BASEES Annual Conference 2026

Secretive Humanitarian Encounters: Pius XII’s Pontificate, Romanian Displaced Fascists, and War Criminals

Sun12 Apr09:15am(15 mins)
Where:
Muirhead Tower 415
Presenter:

Authors

Francesco Zavatti11 Institute of Contemporary History, Södertörn Univ, Sweden

Discussion

This paper explores a little-known dimension of Catholic humanitarianism: the encounters between the Roman Catholic Church and Romanian fascists and war criminals displaced in Western Europe after the Second World War. In the absence of reliable sources, historiography has long remained silent on the relationship between the Vatican and Romanian “fascists on the run”. Posthumous memoirs and unsubstantiated reports preserved in secret police archives, however, have fuelled speculation and prejudice—especially since a few dozen among the displaced continued to seek ways of giving Romanian fascism an afterlife with political substance, while many others attempted to obscure or downplay their earlier political commitments and the stigma associated with it.

Drawing on newly released sources from the pontificate of Pius XII, preserved in Vatican, ecclesiastical, and private archives, this study reconstructs the origins, dynamics, and outcomes of these humanitarian encounters through a micro-historical approach. This method makes it possible to serialise, contextualise, and thus render intelligible anomalous episodes that might otherwise appear as isolated or marginal events in postwar history.

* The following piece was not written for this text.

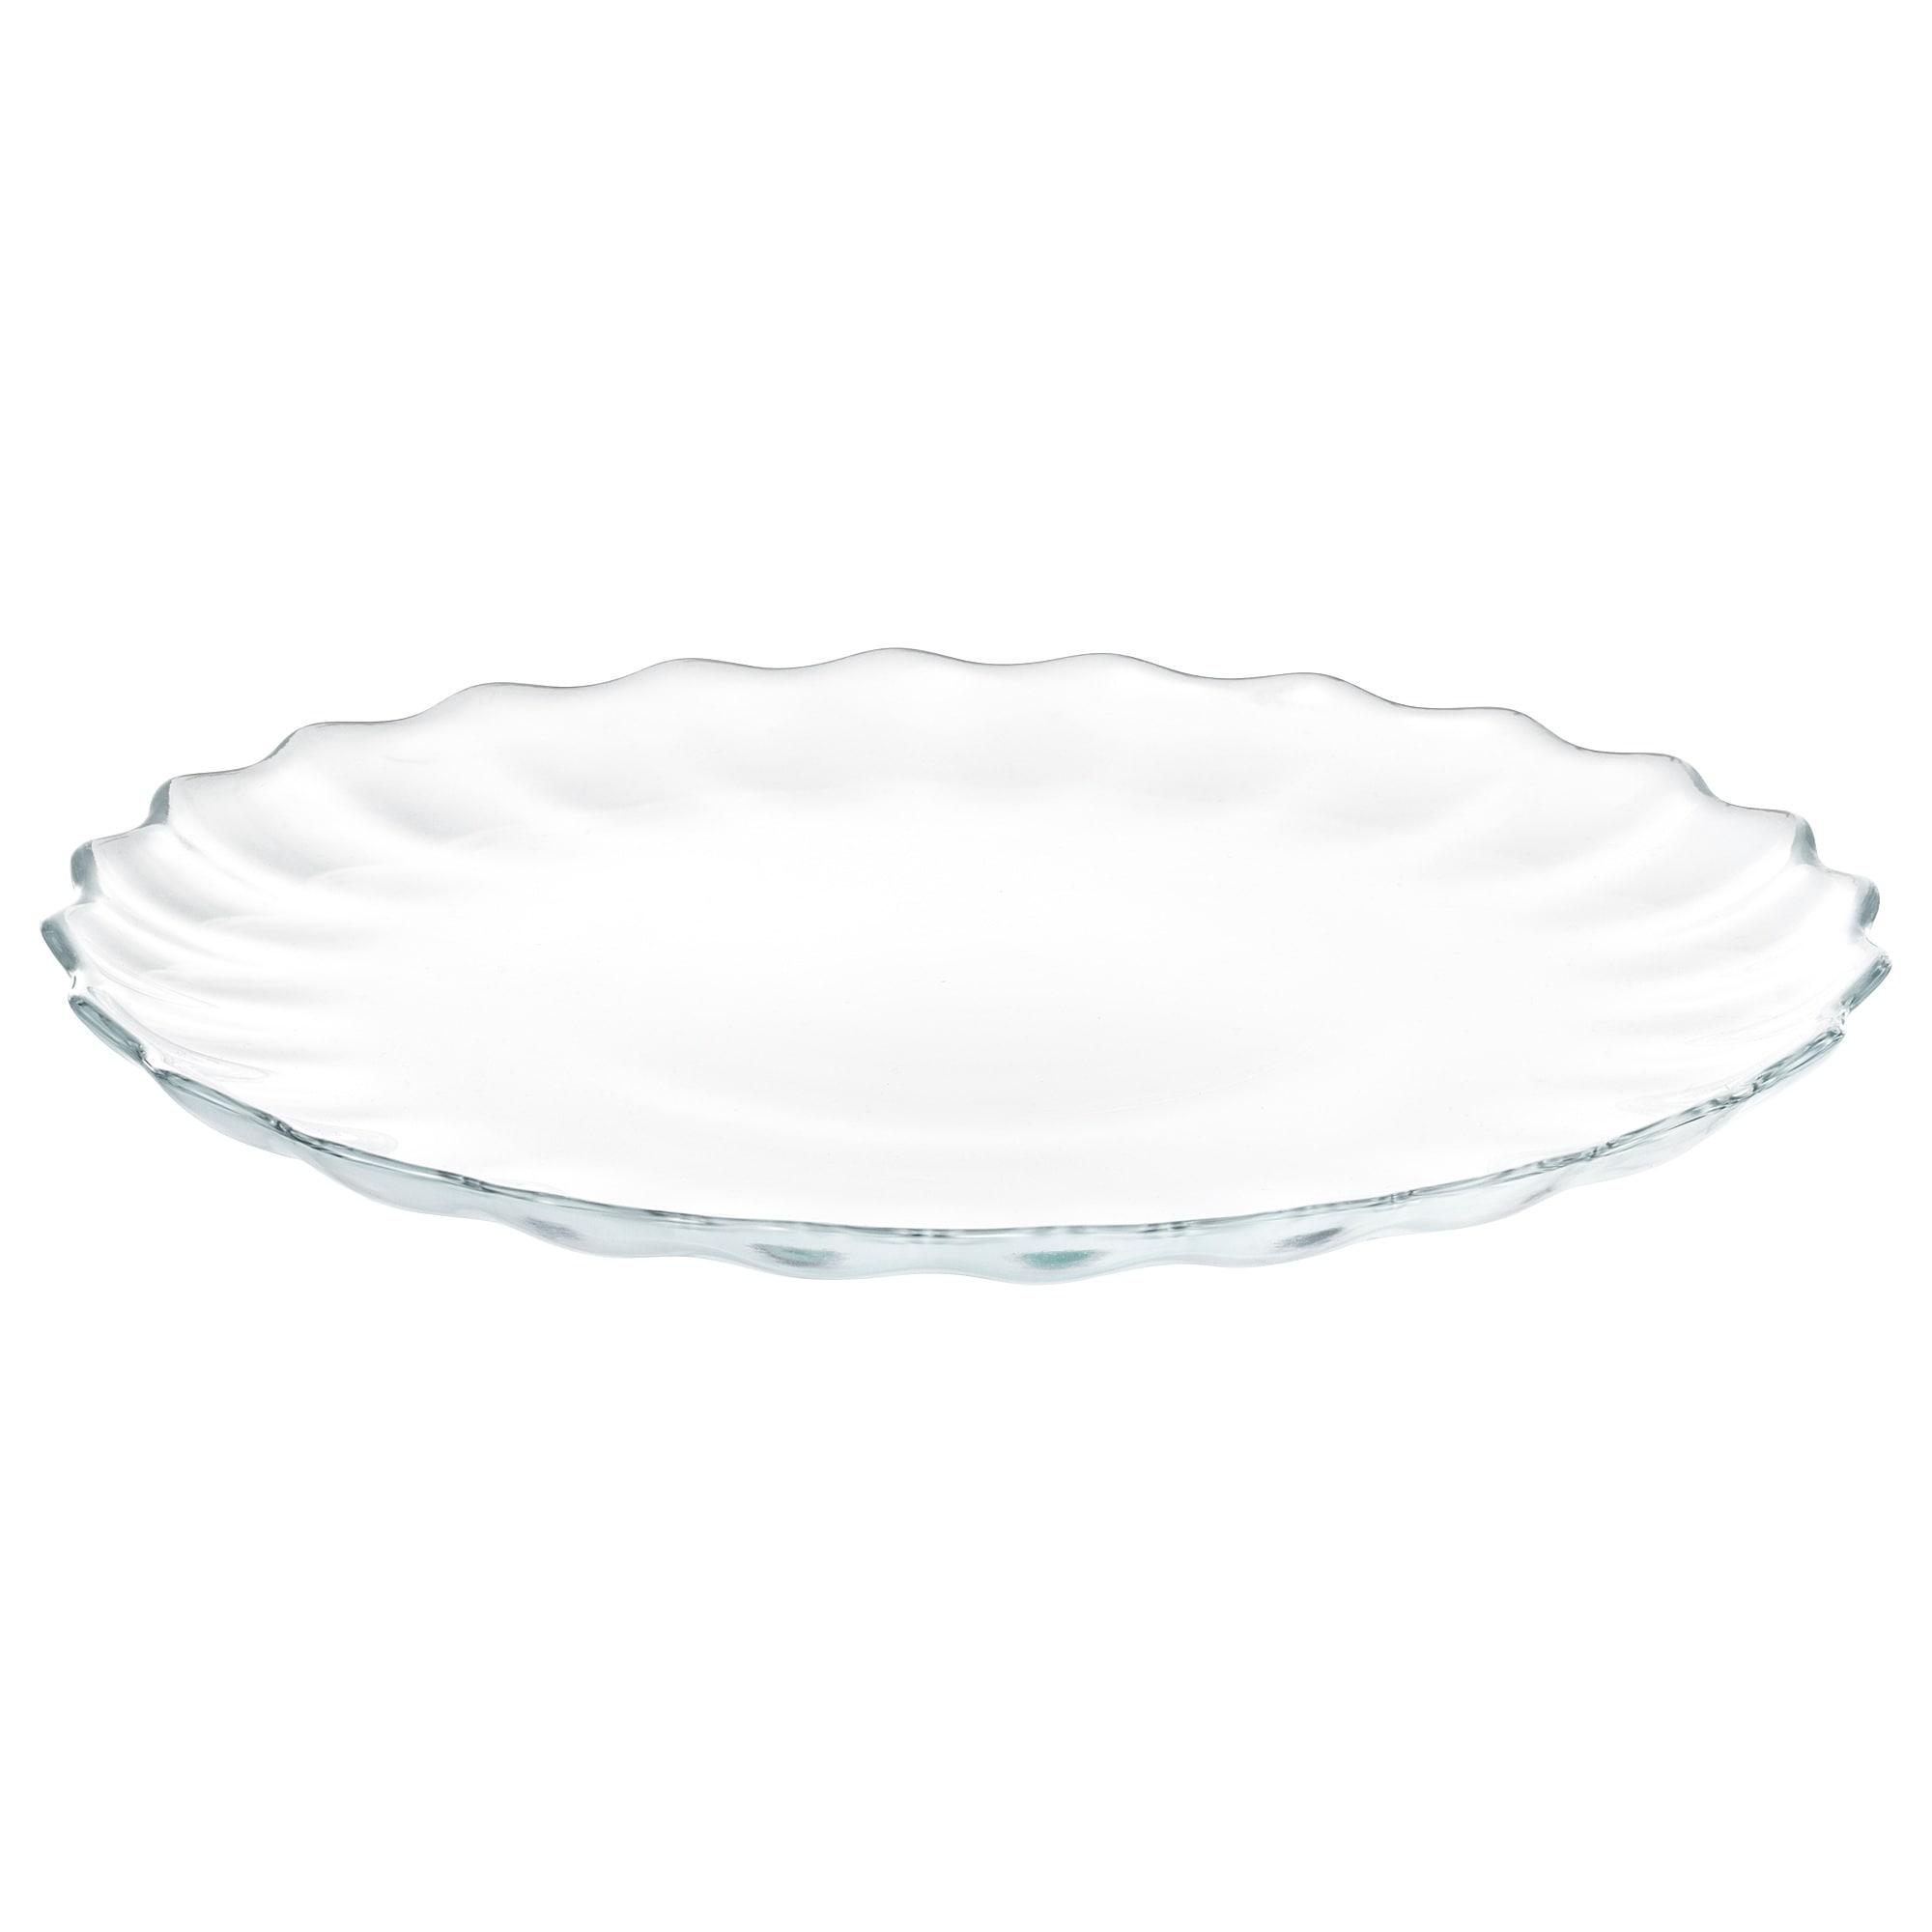 Тарелка десертная ДРЁМБИЛЬД артикуль № 903.869.60 в наличии. Интернет сайт IKEA РБ. Быстрая доставка и монтаж.

The paper first examines the material assistance provided by Catholic networks, which secured for select Romanian displaced persons unusual privileges compared with their compatriots in the DP camps—including accommodation, access to resources, and protection from the authorities. Second, it considers the diverse purposes behind such assistance, which ranged from fostering the potential union of Orthodox believers with Roman Catholicism, to saving the rescued from the dangers of forced repatriation and thus preserving their human rights, to broader ideals of Christian charity. Finally, the paper demonstrates that although Catholic rescuers extended refuge, they consistently rejected proposals for political alliances advanced by the rescued, thus challenging widespread assumptions and calling for a reassessment of the Cold War representations of the Vatican, Catholicism, and the Romanian diaspora.